But in 2019, 20 states and 21 cities are taking steps to raise the minimum wage, even as the federal minimum remains a preposterously low $7.25 an hour, and for workers who earn tips, the minimum is an abysmal $2.13 an hour.

According to NBC News, states including Arizona, California, Colorado, Maine, Massachusetts, Missouri, New York, and Washington State are set raise the minimum wage to between $12 and $15 an hour.

On December 27, the National Employment Law Project (NELP) released a report stating that, along with those states, “in 13 cities and counties, the minimum wage will reach or exceed $15 an hour.”

But while the wage increases are a good start, workers in more expensive states, like California, probably need closer to $20 an hour for a true living wage, Paul Sonn, state program policy director at NELP, told NBC.

“Fifteen dollars an hour has become the new minimum wage, meaning that that’s to afford the basics,” Sonn said. “It’s just a start.
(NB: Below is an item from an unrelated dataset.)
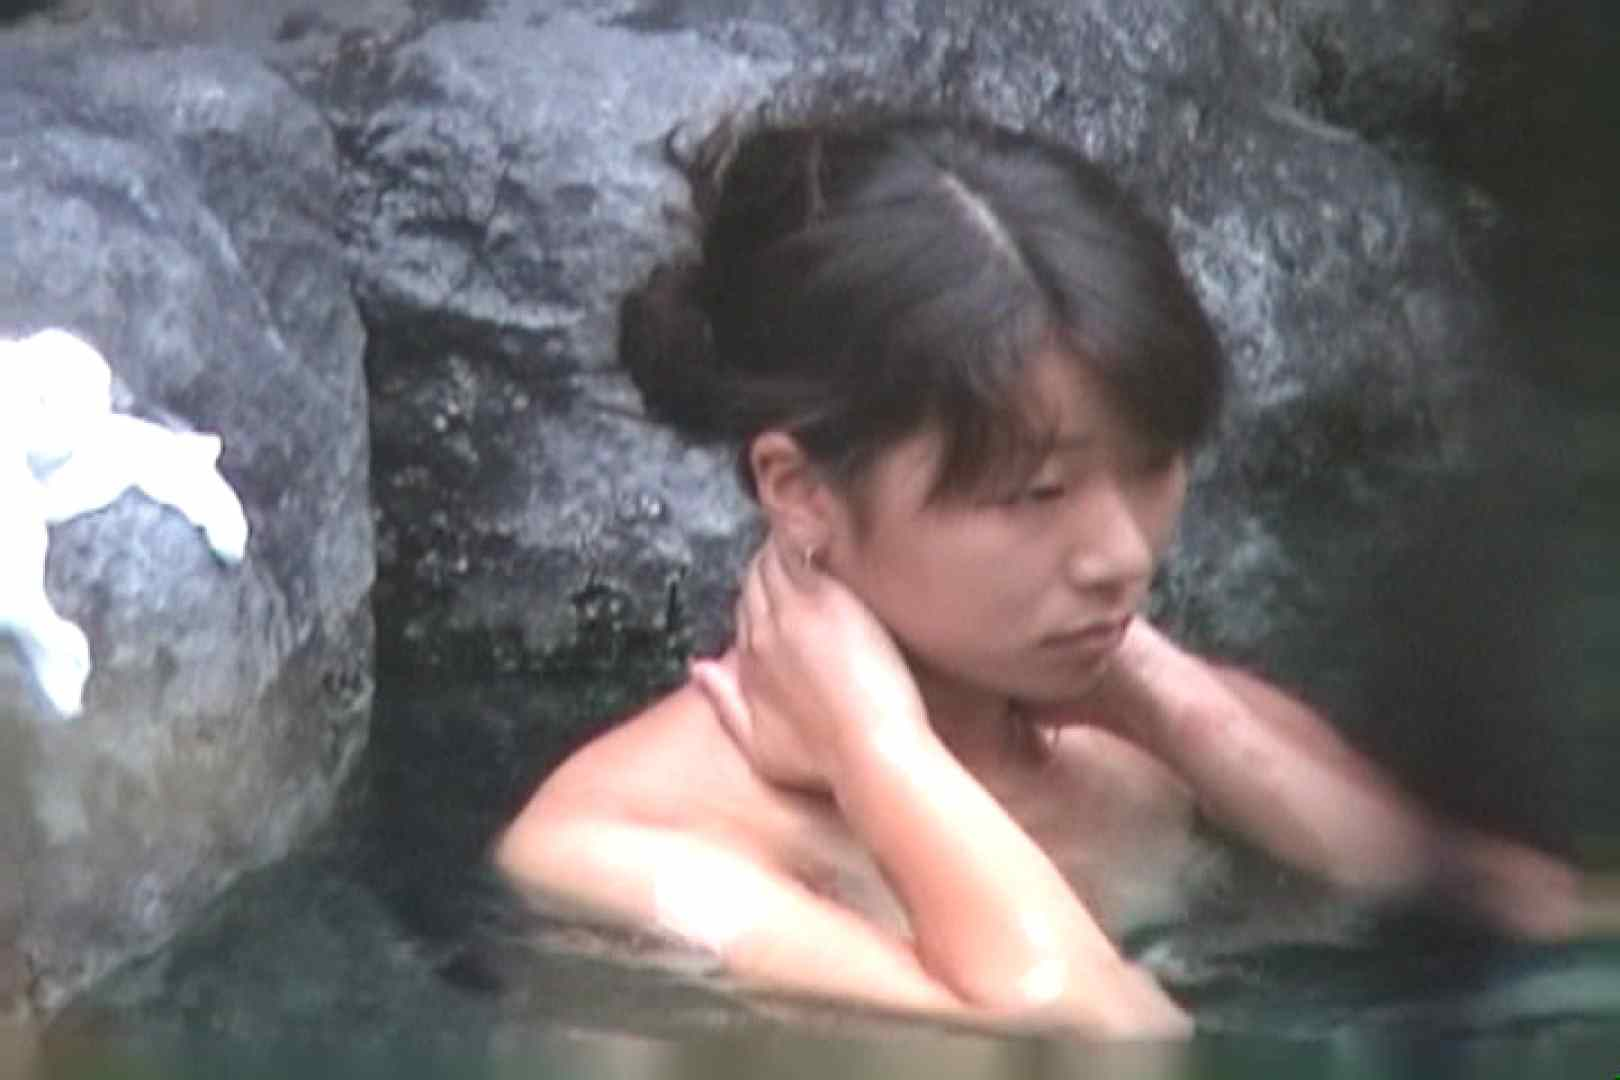 Aquaな露天風呂Vol.69【VIP限定】 OLのエロ生活   露天風呂  106連発 55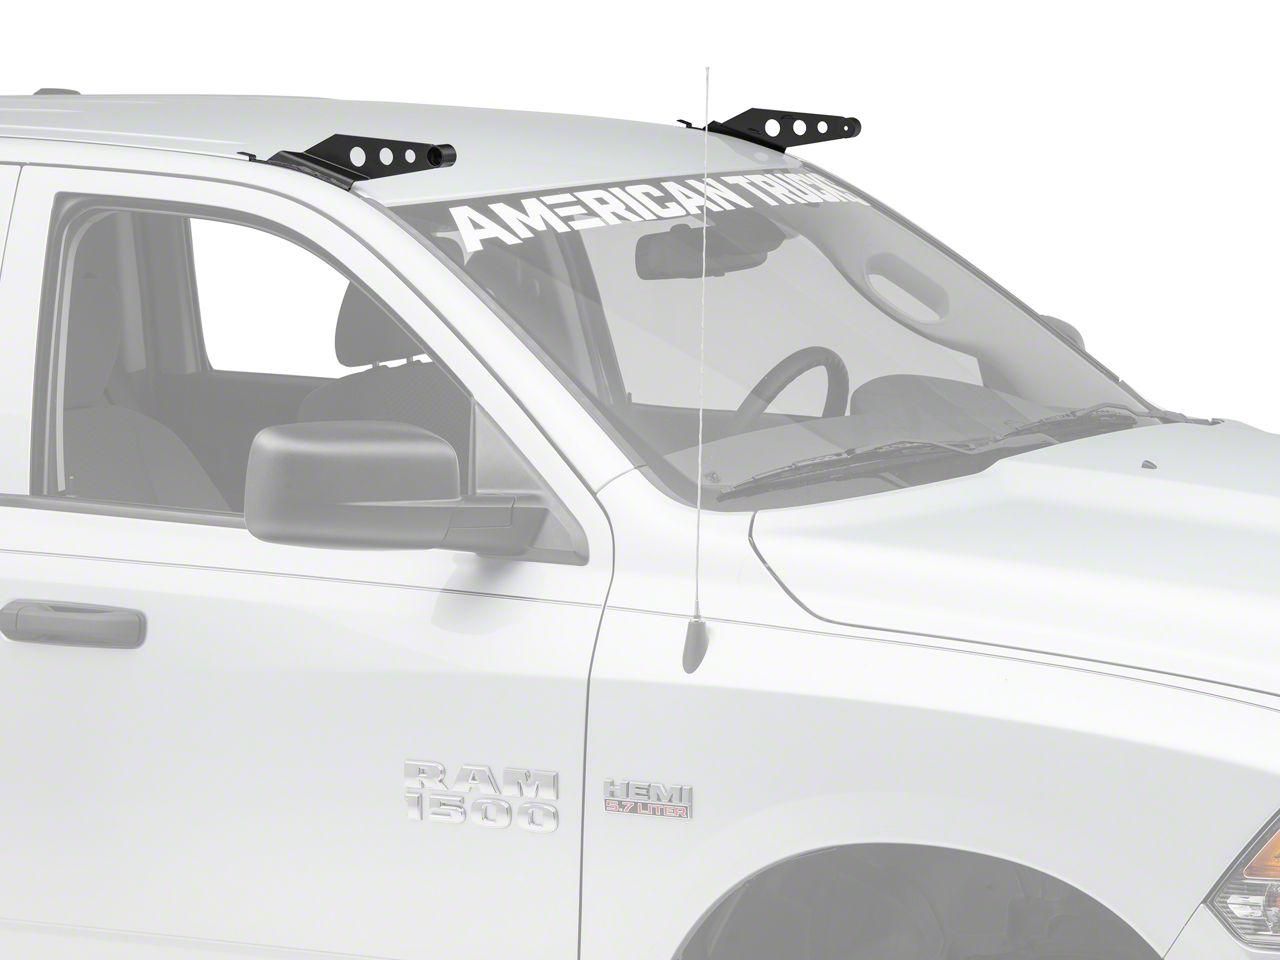 Raxiom 50 in. Curved LED Light Bar Windshield Mounting Brackets (09-15 RAM 1500)

Those with children and in expensive states need even more.”

Here are all the states increasing the minimum wage in 2019: Alaska, Arizona, Arkansas, California, Colorado, Delaware, Florida, Maine, Massachusetts, Michigan, Minnesota, Missouri, Montana, New Jersey, New York, Ohio, Rhode Island, South Dakota, Washington and Vermont.

NELP estimates that 17 million workers will see wage increases in the new year.